## Exercise details
Please restate, word for word, the lines below that begin at the one with "Seçimlerin özeti: Erdoğan" and end at the one with "入館申請書テンプレート, 단색, 인쇄, 만들기, A4 문서 템플릿". Leave out all other lines.

## Exercise material

——————

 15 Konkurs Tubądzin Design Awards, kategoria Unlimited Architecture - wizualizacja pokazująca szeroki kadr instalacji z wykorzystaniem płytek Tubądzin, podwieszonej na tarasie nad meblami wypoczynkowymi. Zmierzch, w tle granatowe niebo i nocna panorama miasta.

——————

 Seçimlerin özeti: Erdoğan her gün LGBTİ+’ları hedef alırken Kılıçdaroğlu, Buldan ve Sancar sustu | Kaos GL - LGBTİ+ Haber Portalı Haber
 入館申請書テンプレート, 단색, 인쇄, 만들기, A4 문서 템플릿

——————

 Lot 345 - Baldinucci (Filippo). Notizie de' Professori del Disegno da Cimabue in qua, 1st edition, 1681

——————

## Response for this exercise
 Seçimlerin özeti: Erdoğan her gün LGBTİ+’ları hedef alırken Kılıçdaroğlu, Buldan ve Sancar sustu | Kaos GL - LGBTİ+ Haber Portalı Haber
 入館申請書テンプレート, 단색, 인쇄, 만들기, A4 문서 템플릿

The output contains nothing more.